ジャスパー・フォード『雪降る夏空にきみと眠る』

雪降る夏空にきみと眠る 上 (竹書房文庫)昨シーズンのビジネス英語にタカシがシンガポールに出張する件がある。現地法人にはルーシィなる上司がいて、タカシは一時的にルーシィの下で働く。久しぶりに本社の上司ルヴィアの所に顔を出したタカシは、ウフフと彼女にからかわれる。


「あの女がどんな仕込みをしたか、試してみようかしら?」


女性上司二人が新人男を取り合うハーレムの一類型がある。新人男が厄介な女性上司の騒動に巻き込まれる。外見は『モンタナの目撃者』のアンジーを想像してわたしは鼻腔を膨らませた。


彼女は二重人格者である。人格Aの気性は荒い。人格Bは面倒見がいい。人格Aと人格Bは別々の職場にいて互いをライバル視している。自分たちが同一人物だと知らない彼女らは、いつ行っても相手は留守だと愚痴る。しかし、薄々ながら違和感を抱いている。二人は二重人格の産物だと主人公男が示唆してみると恐慌を来す。


主人公男が人格Aに「Bと寝た」と言ってみる。Aは素っ気ない態度で応じつつも、男を殴りつける。現場を混乱させたと怒っている。
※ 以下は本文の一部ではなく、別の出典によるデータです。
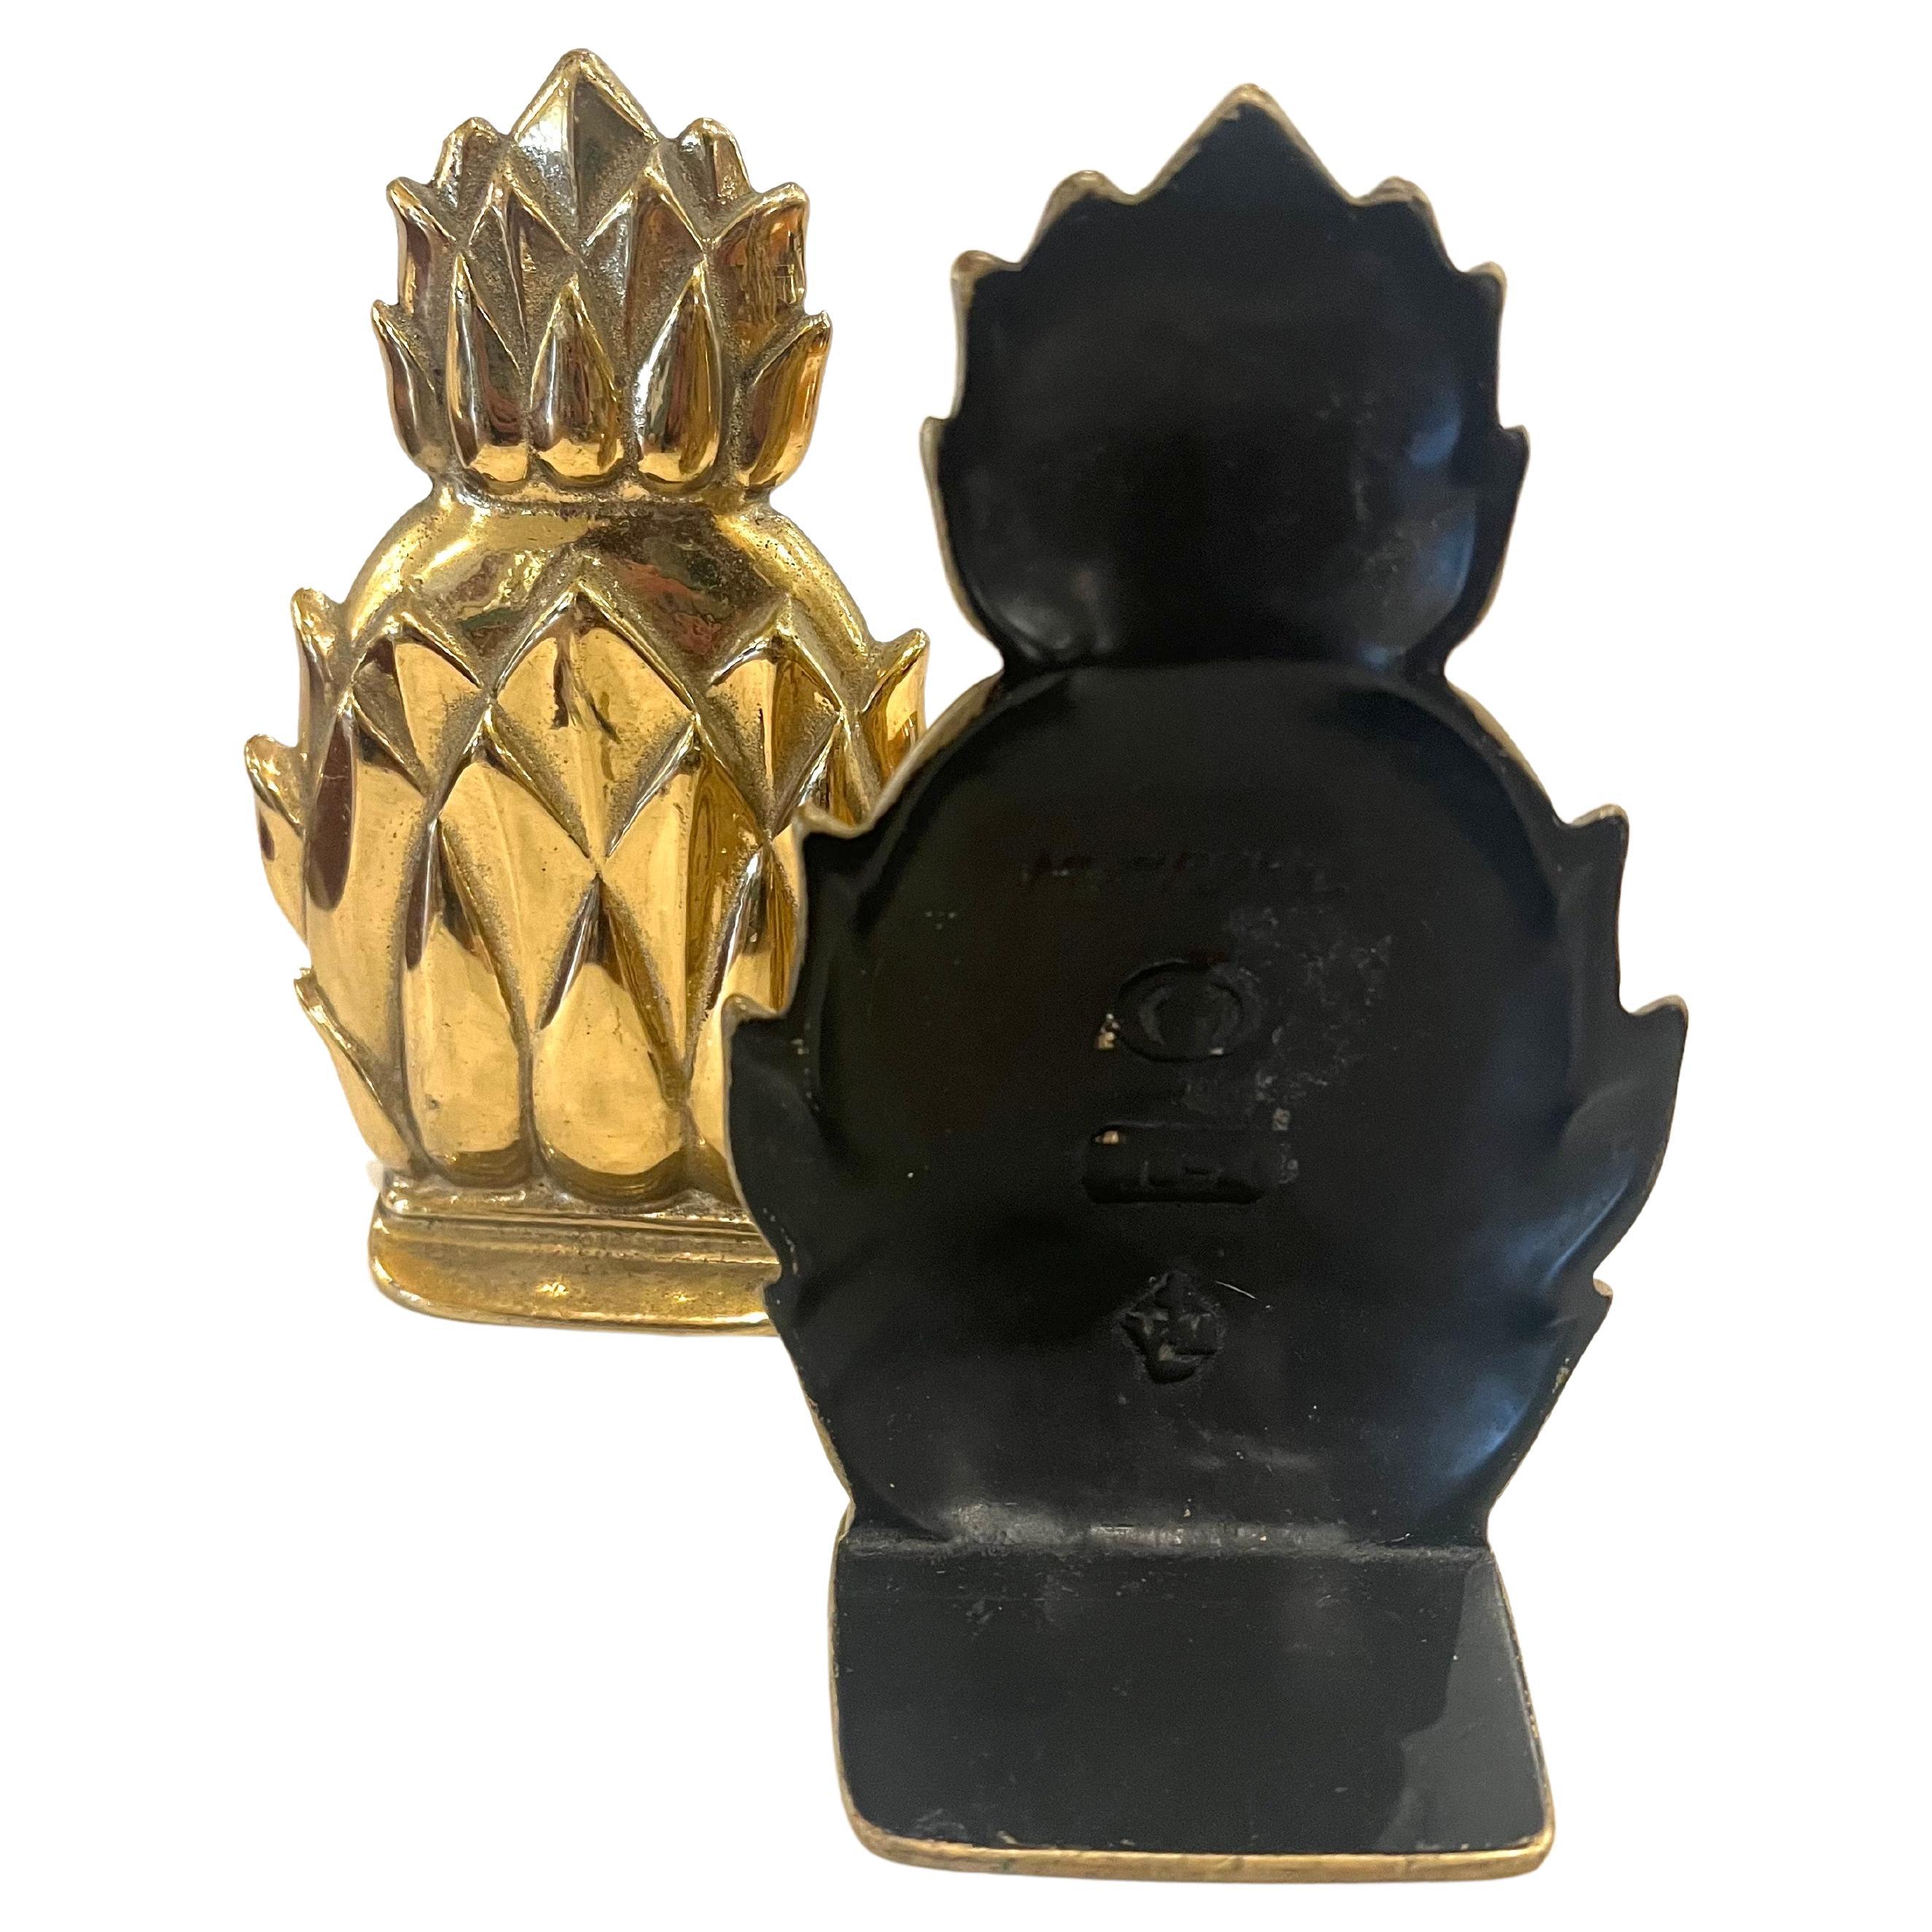 A very good looking pair of solid polished brass pineapple bookends, by Virginia Metalcrafters circa 1970s.

この態度には解釈に幅がある。言葉通りにとればいいのか。自分と寝たと無意識が察し、無意識に出た怒気が後付けで説明されたのか。ライバルに男を寝取られた怒りなのか。そこに私情はあるのかないのか。


ハーレムだと分かれば読者は萎えてしまう。ハーレムではないが見かけがハーレムになってしまう状況こそ甘受できるハーレムだ。無意識のさじ加減がこれを可能にするのである。
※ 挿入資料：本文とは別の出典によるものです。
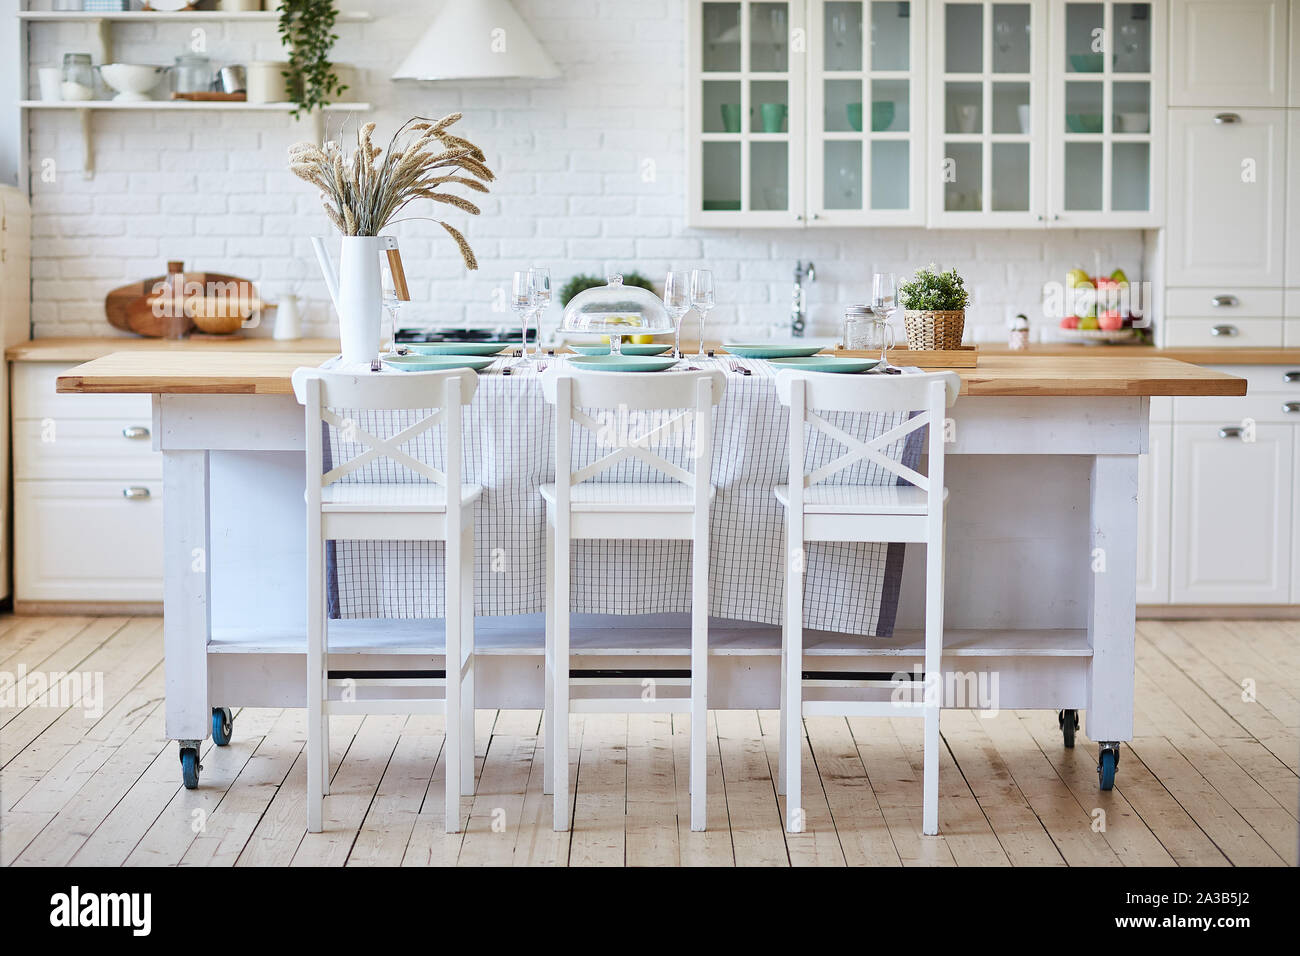 Beautiful White Wooden Kitchen With Island Table And Chairs Stock Photo Alamy

無意識の問題は形態を変え作品全体に行き渡る。アクティヴな脳死患者たちが惰性で生前の習慣を繰り返す。彼らに意識はない。主人公男はそのひとりと恋をする。彼女は絵師である。「黒い髪をゆるいポニーテールにまとめ、ダウンジャケットの下に絵の具の染みがぽつぽつとついたオーバーオール」なる、いかにもキャラクター小説な外貌をしている。


本作は集合無意識の話で、無意識だからイベント相互に論理的なつながりがなく、事件の解明を模索されても模索の尽力が伝わってこない。しかしキャラ小説としては、二重人格上司の件のように無意識のフワフワが強みにもなる。


脳死の女は恢復して記憶を取り戻す。男とは意識の閾下の付き合いだから恢復すれば他人になる。


自分を忘れた女と男は言葉を交わす。かつての彼女と自分の交わしたやり取りが、偶然、そこに再現されてしまう。愛はアイロニカルによみがえる。だからこそ切なくなるのだ。